Arthroscopic anatomy of a porcine knee. (a) Patellofemoral joint. P: patella; F: femoral groove. (b) Medial compartment. MM: medial meniscus; F: femur; T: tibial plateau. (c) Lateral compartment. LM: lateral meniscus; F: femur; T: tibial plateau. (d) Intercondylar notch. ACL: anterior cruciate ligament; PCL: posterior cruciate ligament.

Many scoring tools are used to assess operator performance in surgery. Insel et al. used the Basic Arthroscopic Knee Skill Scoring System for assessing surgeon performance in arthroscopic partial meniscectomy in cadaveric knees. ⁷ Hoyle et al. ⁸ created the Global Rating Scale for Shoulder Arthroscopy to assess video recordings of diagnostic shoulder arthroscopy. Koehler et al. reported that the ASSET appeared to be a useful, valid, and reliable method for assessing surgeon performance in diagnostic knee arthroscopy in cadaver specimens. ⁵ The ASSET was utilized to assess performance in diagnostic knee arthroscopy in porcine knees. As expected, the more experienced surgeons had higher scores; however, after three practice sessions, the scores of all the participants improved.

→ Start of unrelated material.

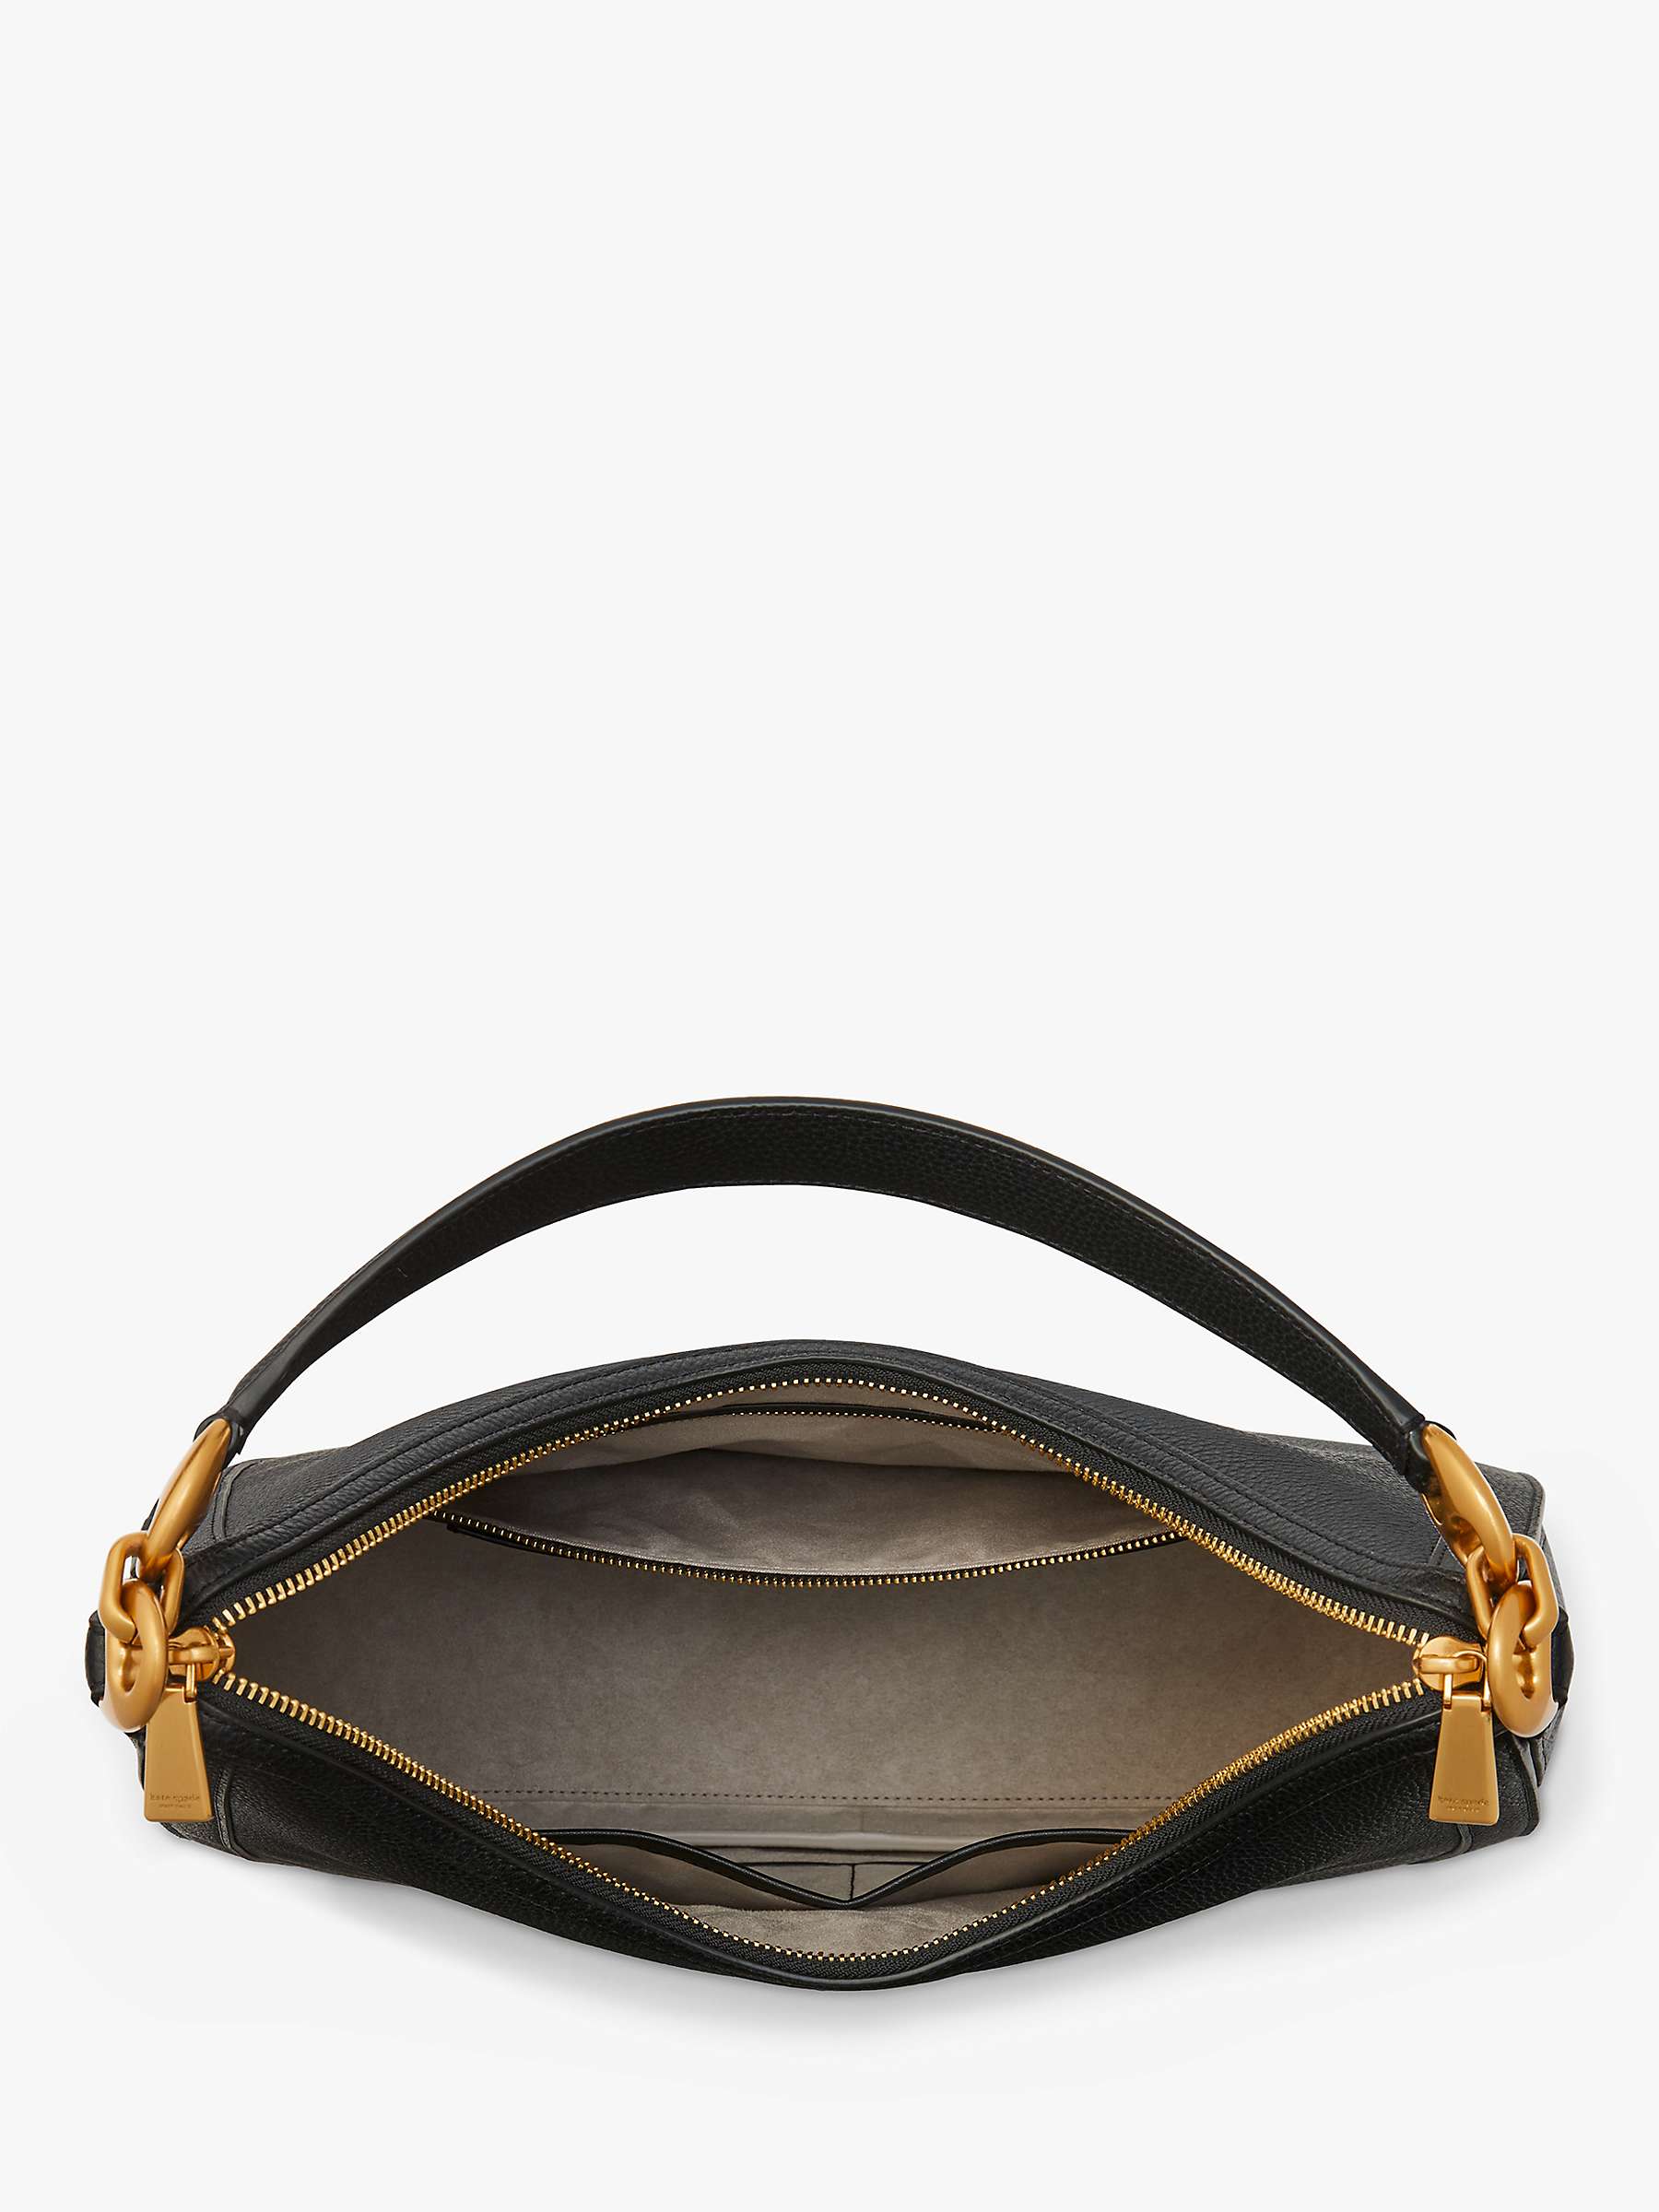 Buy kate spade new york Gramercy Leather Shoulder Bag Online at johnlewis.com

This study has several limitations. First, only one assessor rated the score, and the number of participants and practice sessions were small. It is also not yet possible to know whether the training using porcine knees will improve actual operating room performance. Consequently, further research is needed to compare training imparted through the use of porcine and cadaver knees.

Conclusion

Porcine knees provide good material for training residents and young orthopedic surgeons in using arthroscopic techniques, and this may aid in developing surgical skills.